How The RREM Contractor Process Works in NJ

A RREM Contractor Shakes a Homeowner's Hand

A RREM Contractor Shakes a Homeowner’s Hand

If you are a New Jersey homeowner who has been impacted by Hurricane Sandy, chances are you’ve considered taking part in the RREM Program, which provides funding for repairs or upgrades to prevent future damage.

If you have talked with a RREM Contactor and are considering your options, you may want to know how the process works. It’s a six-step process that unfolds like this.

The RREM Contractor Process Revealed

1) Notice of Funding

After submitting your application to the RREM Program, the State will begin reviewing your application to ensure you meet the requirements. At some point, you will receive a Notice of Funding letter. This is not a guarantee of approval! The State still needs to confirm your eligibility, get federal clearance to improve your property, and assess the damage done to your home.

Not that homeowners CAN apply for funding even after they have completed repair or improvement work with their RREM Contactor. This may impact the grant they received, but regardless, they may be eligible for money.

2) Site Inspection & Environmental Review

Next comes inspection and site review. An inspector from the RREM Program will help determine the approximate cost of rehabbing or elevating your home. Note that there may be more than one inspector assigned to your case.

Environmental review will also take place, as per federal law, which mandates that whenever CDBG Disaster Recovery funds are used, they are used in strict compliance with the National Environmental Policy Act (NEPA). In the case of your RREM grant, these reviews will be conducted by the New Jersey Department of Environmental Protection (DEP).

3) Verify Eligibility

Your Housing Advisor will work with you to guide you through the RREM application process. This will include gathering the appropriate documents and meeting deadlines. Eligibility requirements include the home being your primary residence at the time of Hurricane Sandy, the home being located in Atlantic, Bergen, Cape May, Essex, Hudson, Middlesex, Monmouth, Ocean, or Union counties, and the residence having Sandy damage with a Full Verified Loss (FVL) of at least $8,000 or had more than one foot of water on the first floor.

4) Meet With Housing Advisor

After your eligibility for a RREM contractor is confirmed, you’ll have a meeting with your Housing Advisor. This meeting is mandatory and is designed to go over your grant award, sign documents (such as the Declaration of Covenants, which says you agree to meet RREM Program requirements), and so on. Your Housing Advisor will assist you with submitting the proper paperwork so payment can be issued.

During this time, you can request an Advance Payment Request. If you are already are under contract with a builder, an Advance Payment Request can be issued to help your RREM Contactor get construction started. The advance payment can be up to 50 percent of your total reward. You will need to have an signed legal contract between you and your contractor in order to qualify for advance payment.

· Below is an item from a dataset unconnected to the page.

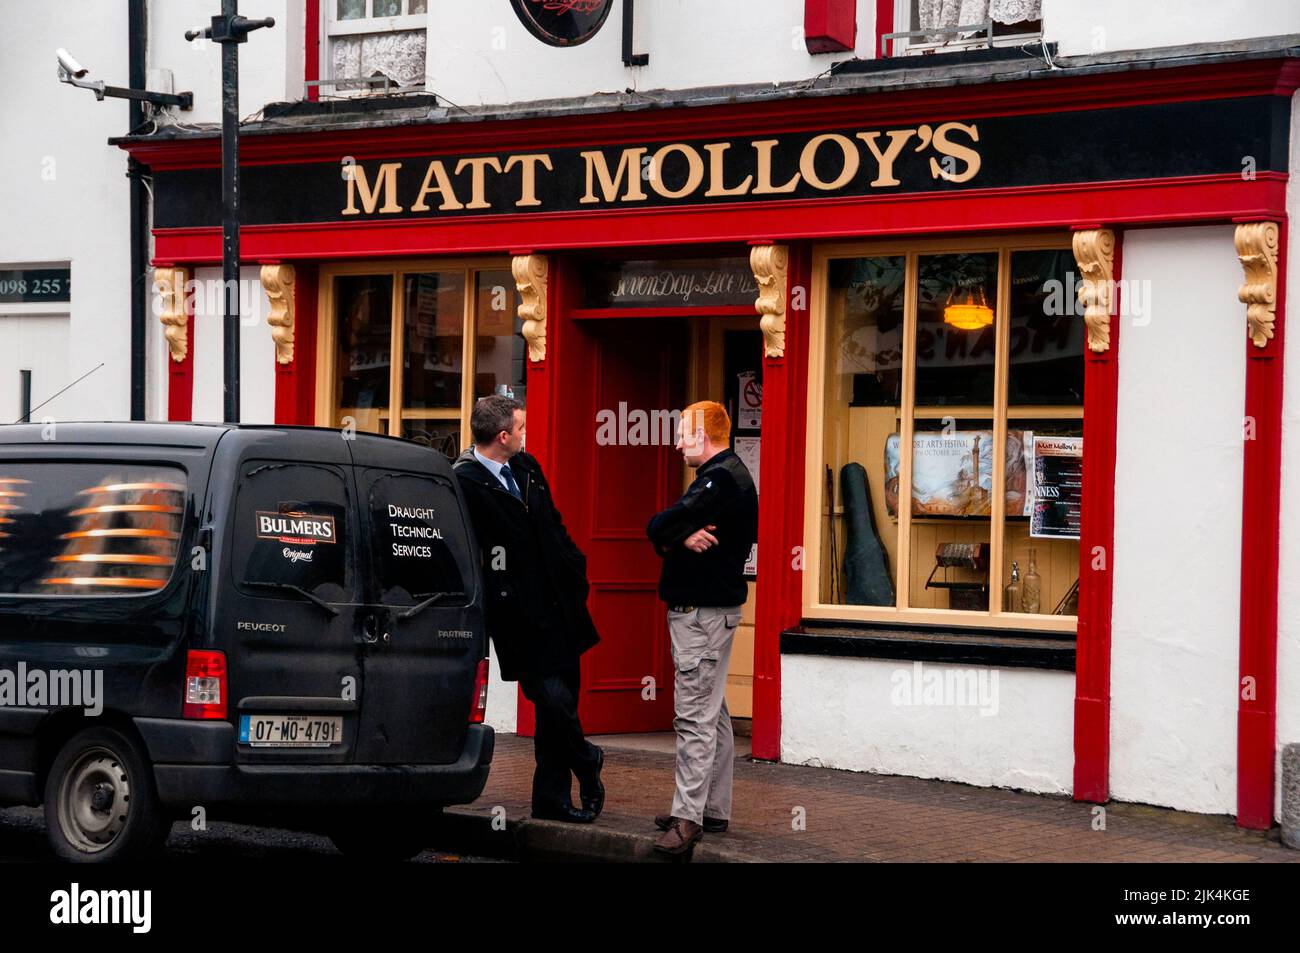 Bulmers Cider van in front Matt Molloy's famous Irish pub in Westport, Ireland. Stock Photo

5) Meet With RREM Project Manager

Your next meeting will be with your RREM Project Manager, who will ensure your project meets federal standards. He or she will also review and approve payment requests, timelines, estimated costs, and other factors.

6) Construction

During this important step, you’ll remain in contact with your RREM Project Manager, who will make sure the construction work being done by your RREM Contactor is in compliance with RREM Program requirements. You’ll submit construction payment requests to the project manager. When construction is completed, they will perform a final inspection. When inspection is passed, the Restrictive Covenant placed on your property will be released.